THE PROBLEM
Drop the images. Copy every line below character for character.

DATASET SECTION
[Start of Attachment]

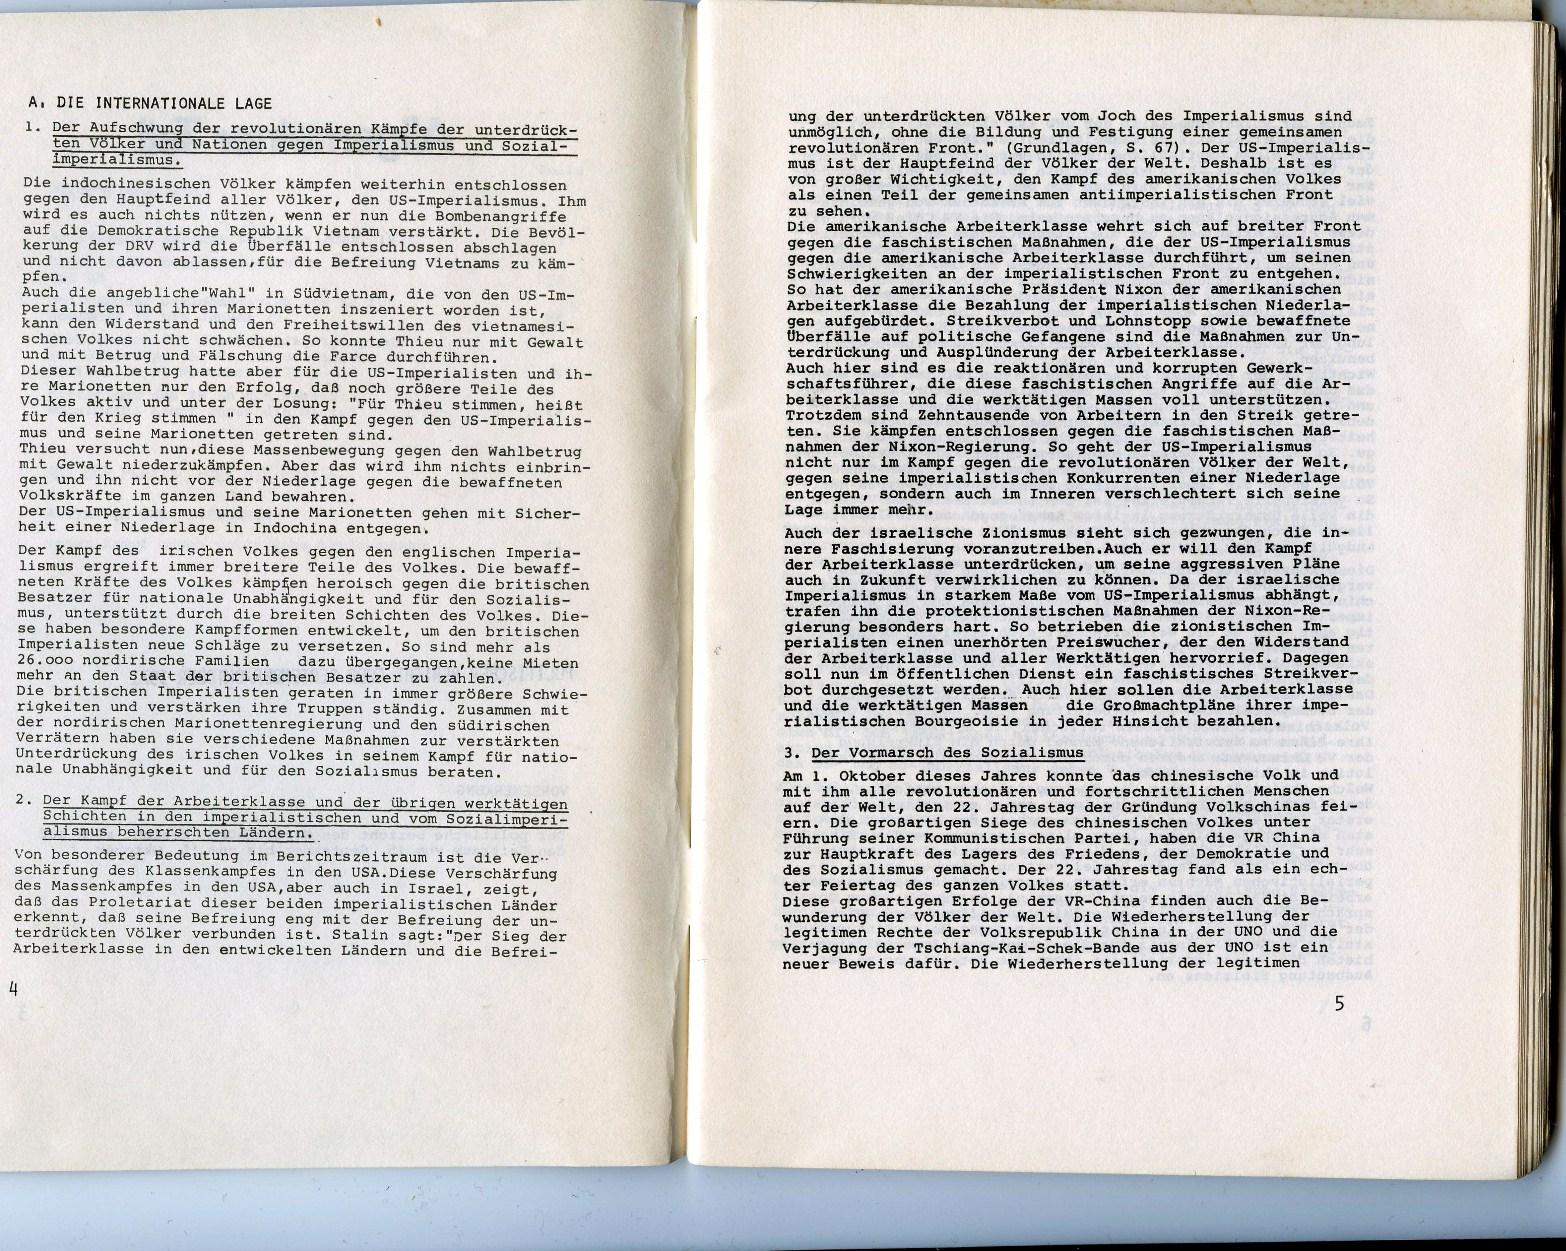 ZB_Parteiarbeiter_1971_09_03
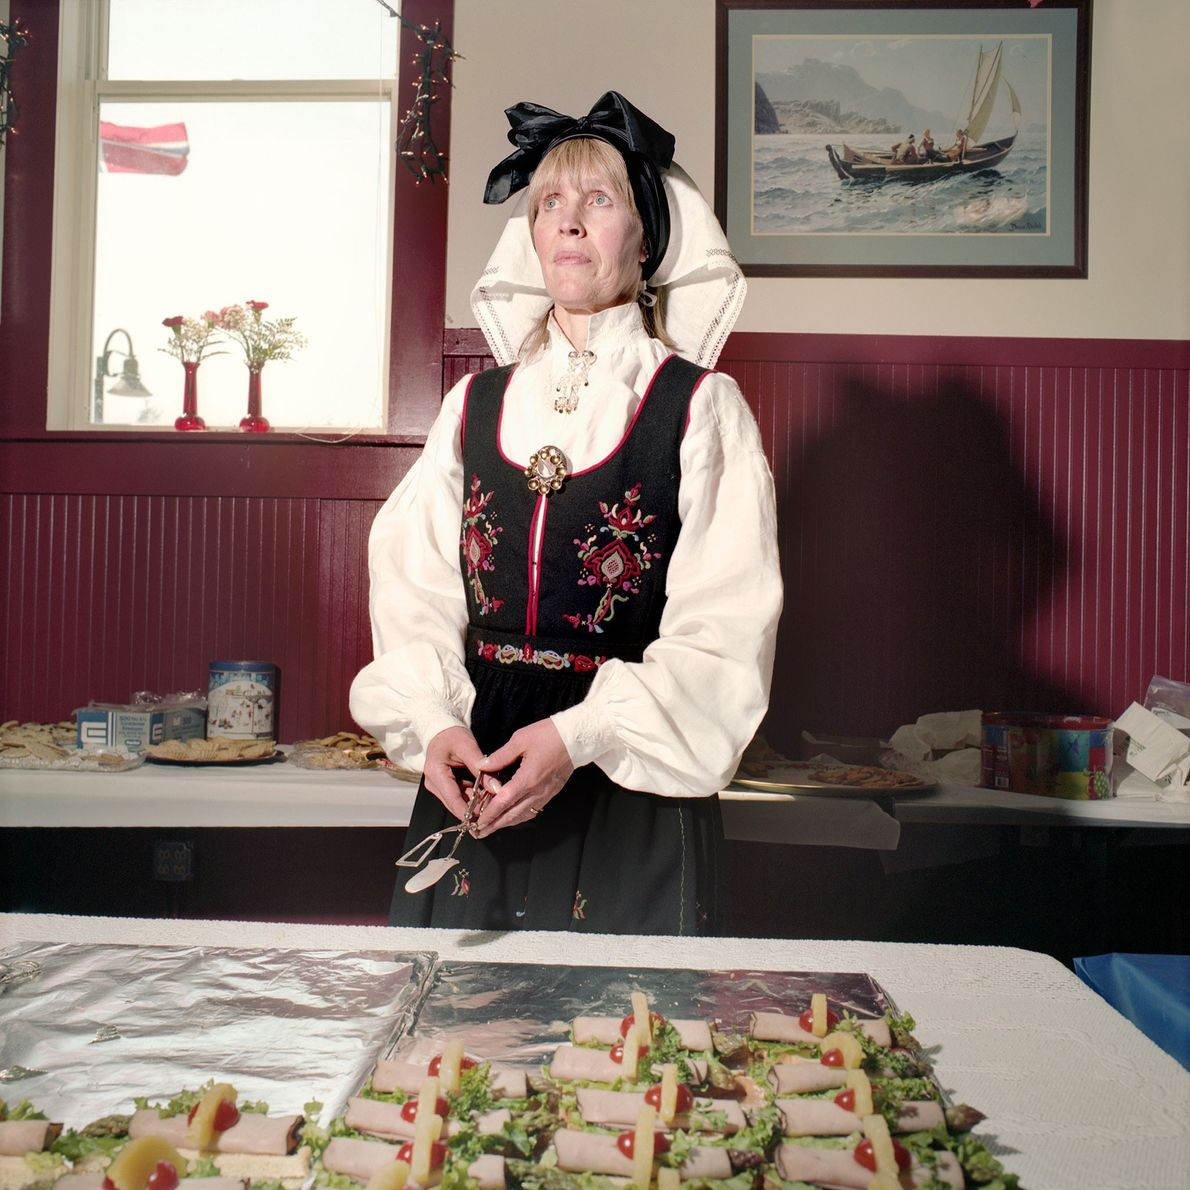 Frau in Tracht vor Buffet
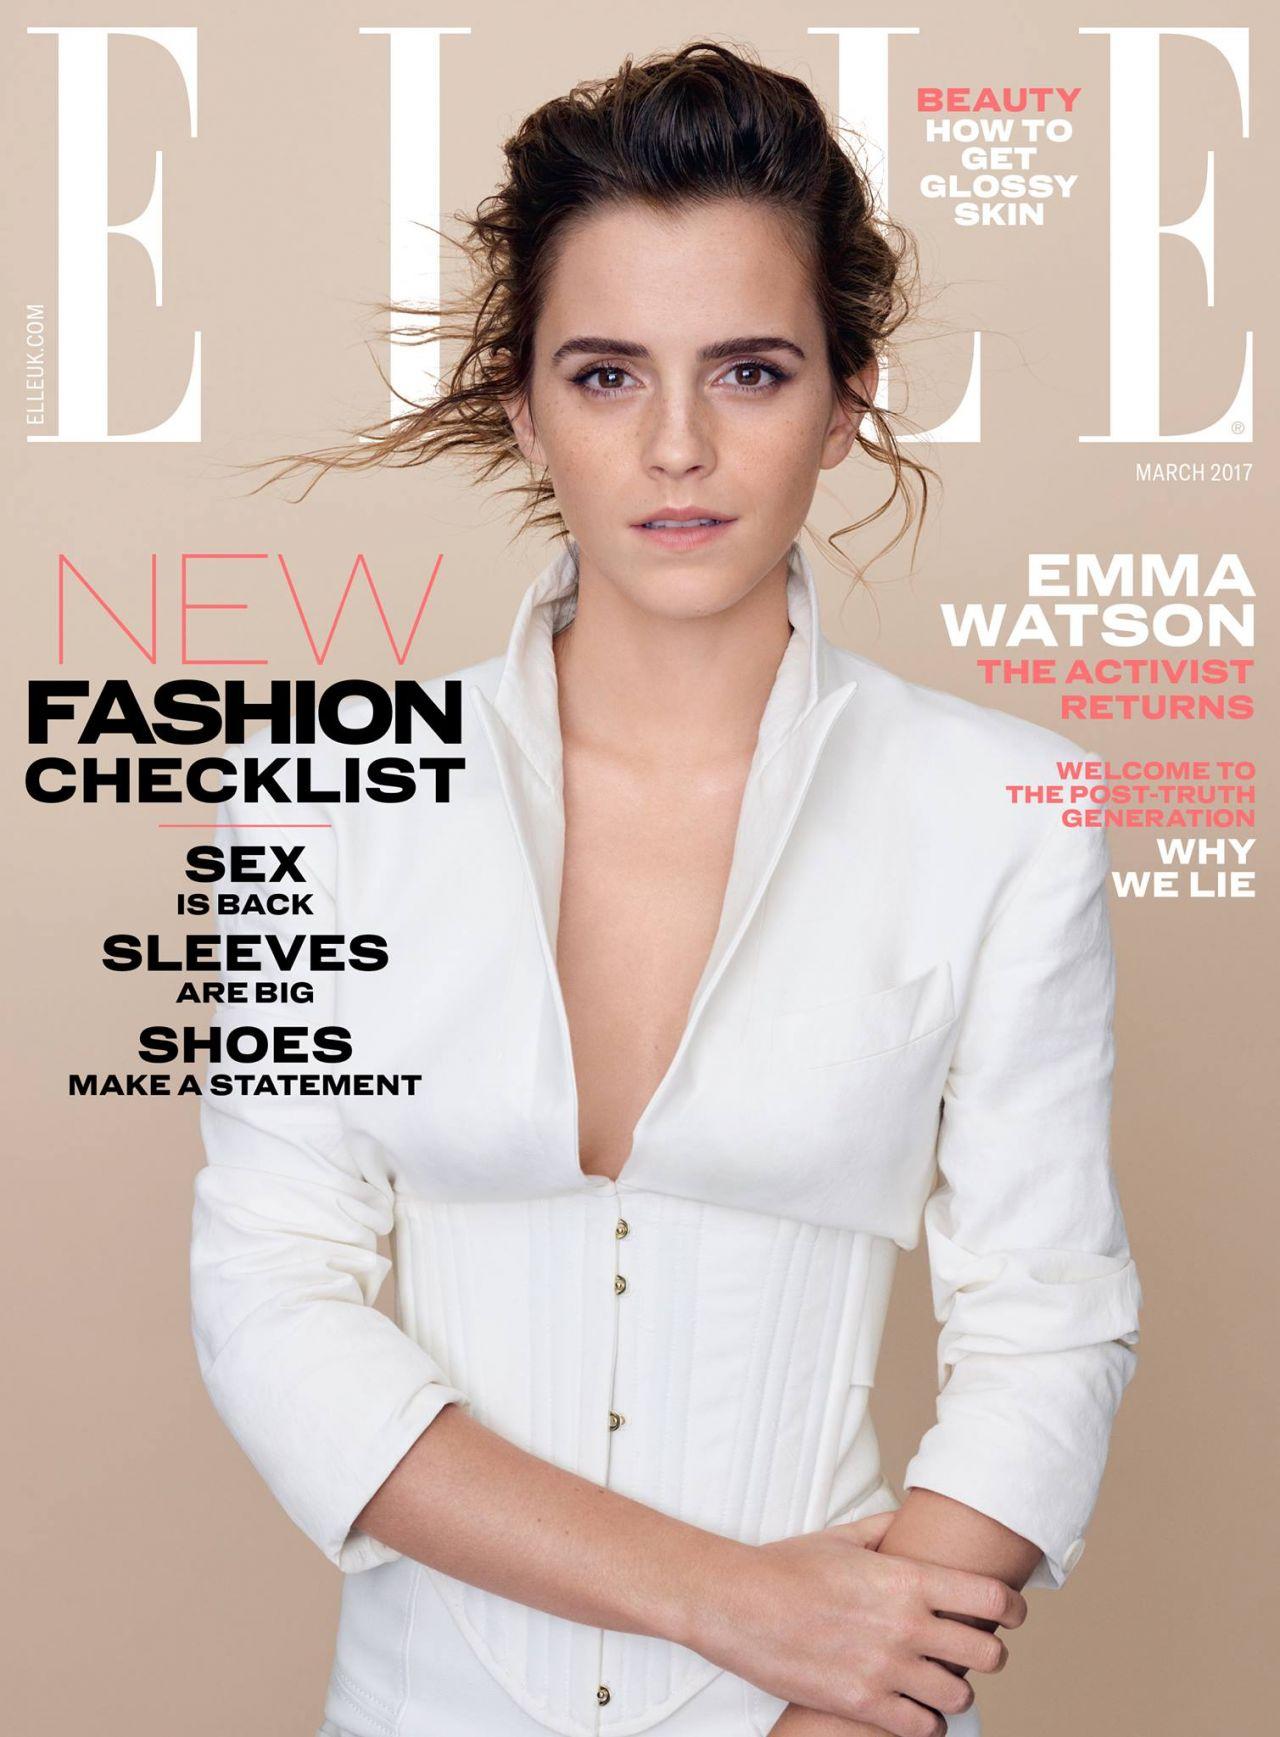 Emma Watson Covers ELLE UK Magazine March 2017 ...

[End of Attachment]

ANSWER TO THE EXERCISE
 ZB_Parteiarbeiter_1971_09_03
 Frau in Tracht vor Buffet
 Emma Watson Covers ELLE UK Magazine March 2017 ...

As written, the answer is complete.